# ARFS CollinearityThreshold bug testing

## import and setup

In [1]:
import arfs
import arfs.feature_selection as arfsfs
import janitor
import numpy as np
import pandas as pd
from arfs.utils import load_data

%load_ext watermark
%watermark -u -n -t -v -m -iv

Last updated: Fri Feb 09 2024 20:59:36

Python implementation: CPython
Python version       : 3.10.13
IPython version      : 8.21.0

Compiler    : Clang 16.0.6 
OS          : Darwin
Release     : 21.4.0
Machine     : arm64
Processor   : arm
CPU cores   : 8
Architecture: 64bit

arfs   : 2.2.2
janitor: 0.26.0
numpy  : 1.25.2
pandas : 2.2.0



In [2]:
def style_df(styler):
    styler.highlight_between(left=0.85)
    styler.highlight_between(left=-1, right=-0.85)
    styler.format(precision=3)
    return styler


####################
# ARFS versions w/ verbose printing
####################


def _most_collinear_old(association_matrix, threshold, verbose):
    cols_to_drop = [
        column
        for column in association_matrix.columns
        if any(association_matrix.loc[:, column].abs() > threshold)
    ]
    rows_to_drop = [
        row
        for row in association_matrix.index
        if any(association_matrix.loc[row, :].abs() > threshold)
    ]
    to_drop = list(set(cols_to_drop).union(set(rows_to_drop)))
    most_collinear_series = (
        association_matrix[to_drop].abs().sum(axis=1).sort_values(ascending=False)
    )
    most_collinear_series += (
        association_matrix[to_drop].abs().sum(axis=0).sort_values(ascending=False)
    )
    most_collinear_series /= 2
    if verbose:
        print(association_matrix[[most_collinear_series.index[0]]].abs().max())
    return most_collinear_series.index[0], to_drop


def _recursive_collinear_elimination_old(association_matrix, threshold, verbose=False):
    dum = association_matrix.copy()
    most_collinear_features = []

    while True:
        most_collinear_feature, to_drop = _most_collinear_old(dum, threshold, verbose)

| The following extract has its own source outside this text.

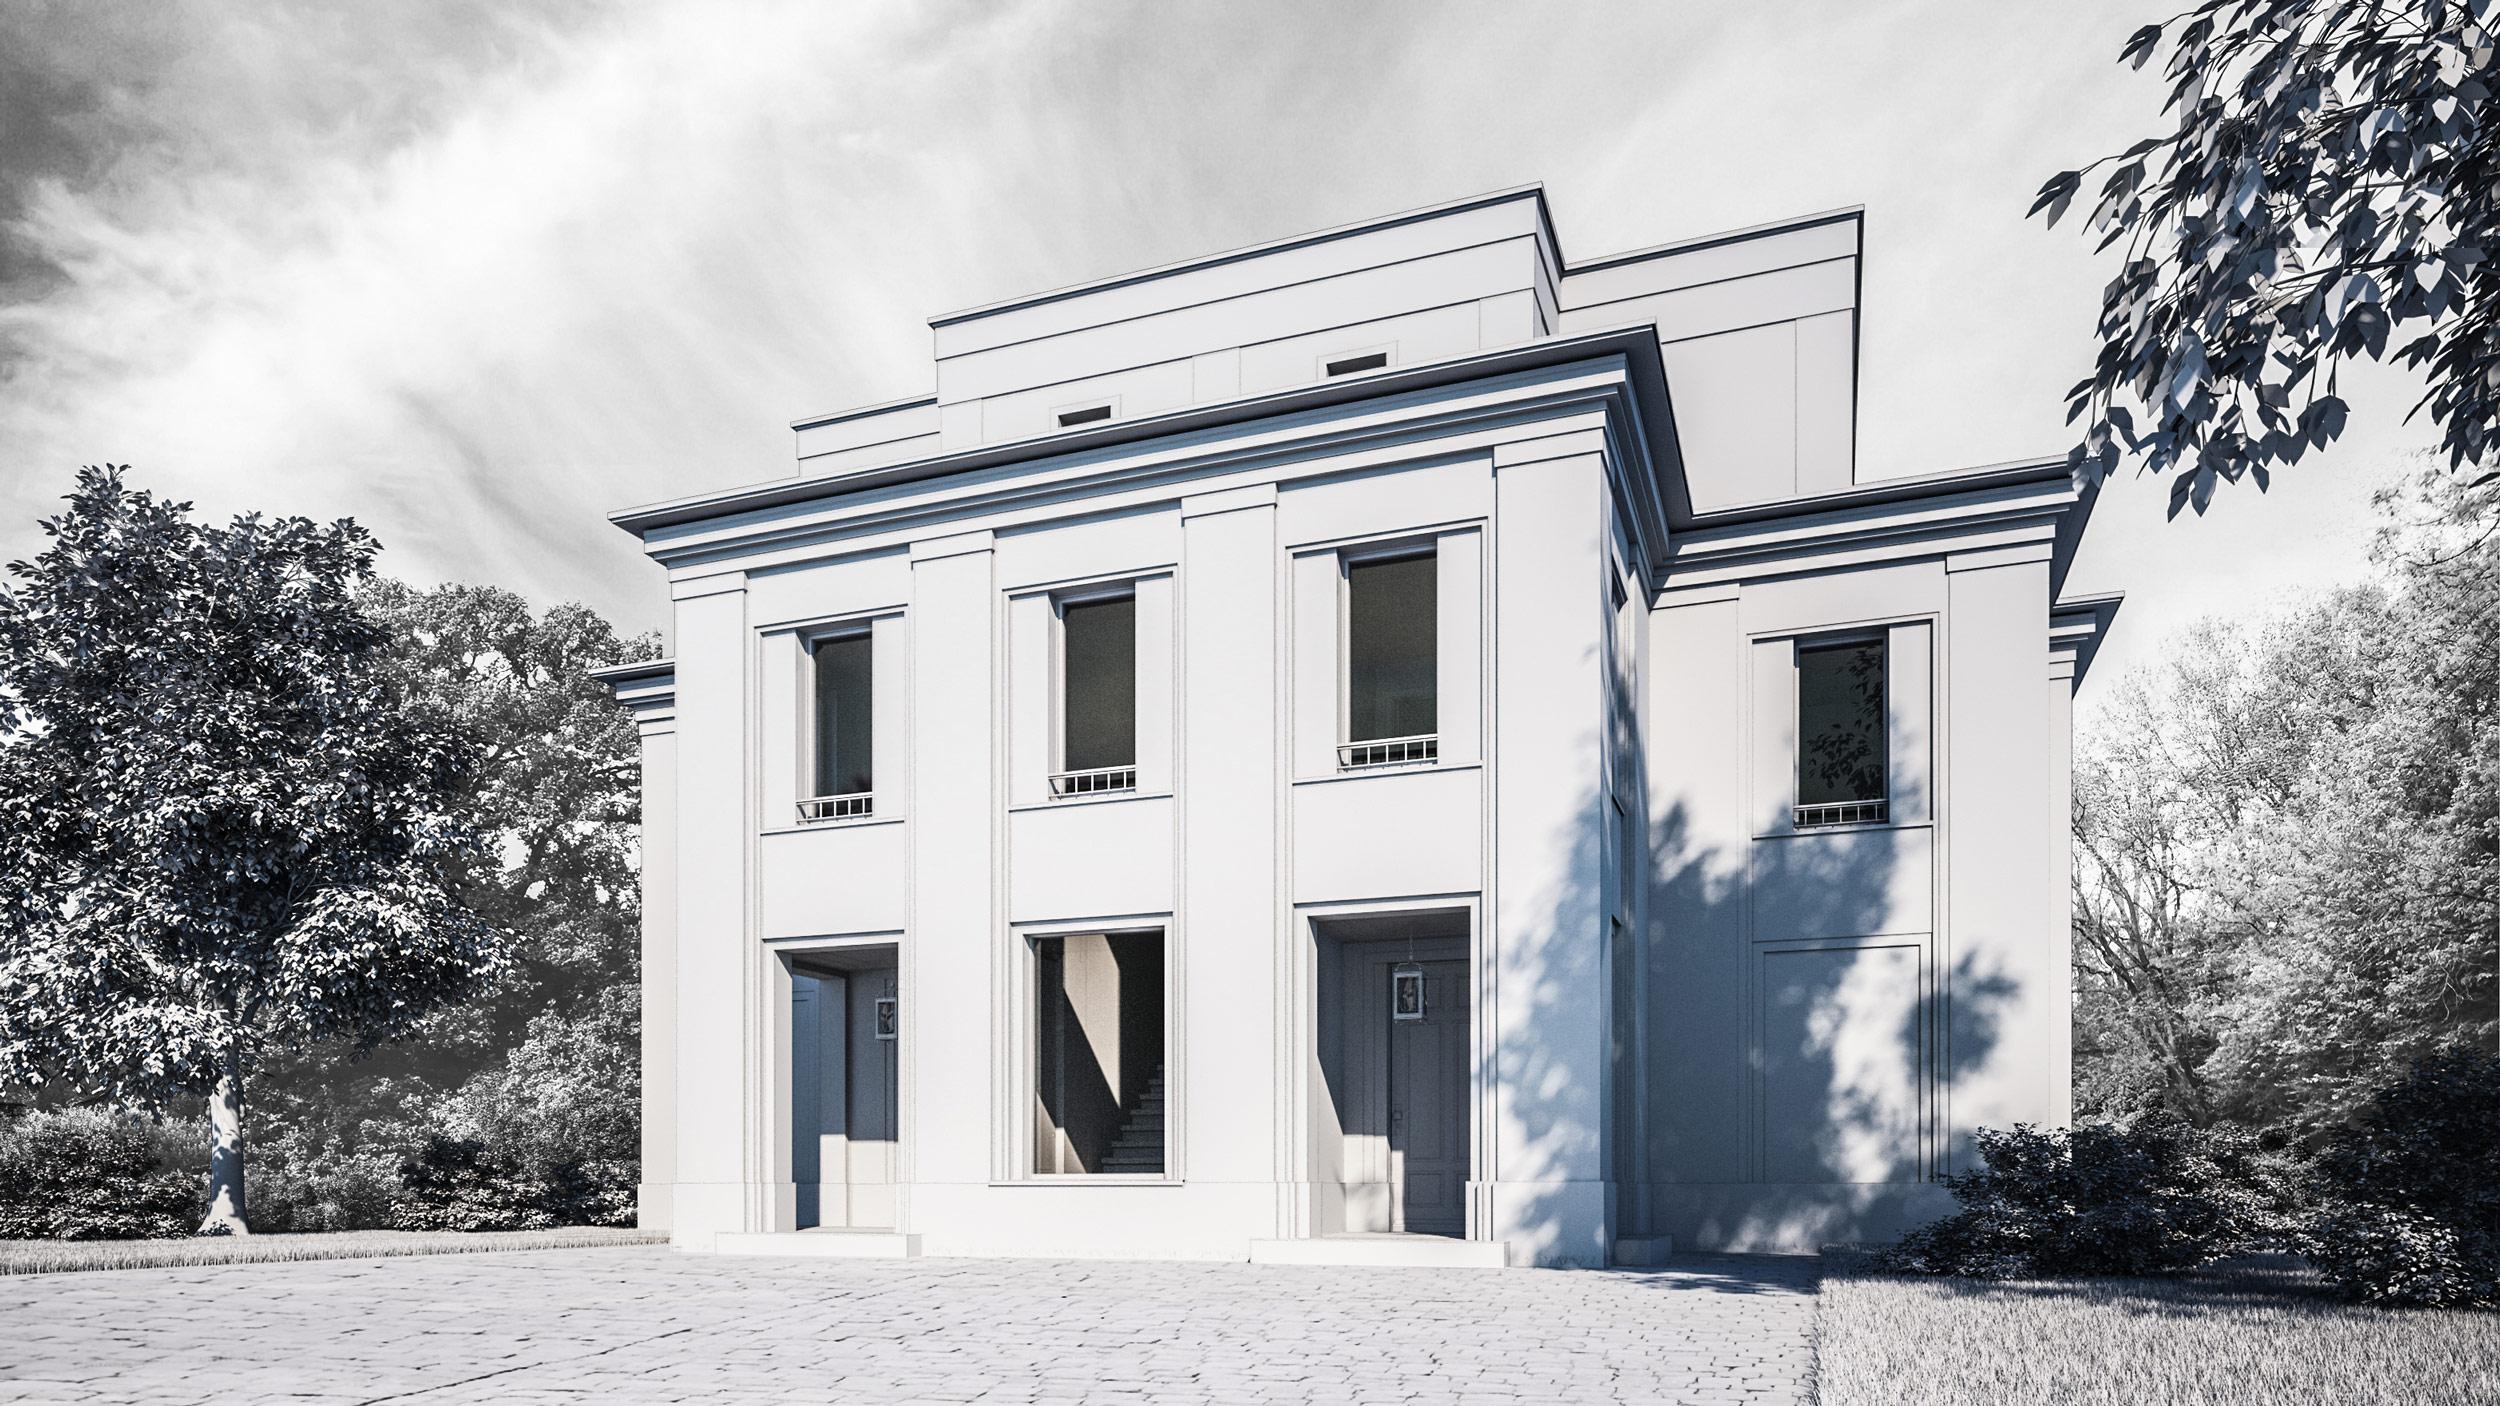 SEETERRASSEN AN DER MÜRITZ – Redesign eines Mehrfamilienhauses am See - Über halboffene Porches erfolgt der Zugang zu den Wohnungen im Eingangsportal.

        # Break if no more features to drop
        if not to_drop:
            break

        if most_collinear_feature not in most_collinear_features:
            most_collinear_features.append(most_collinear_feature)
            dum = dum.drop(columns=most_collinear_feature, index=most_collinear_feature)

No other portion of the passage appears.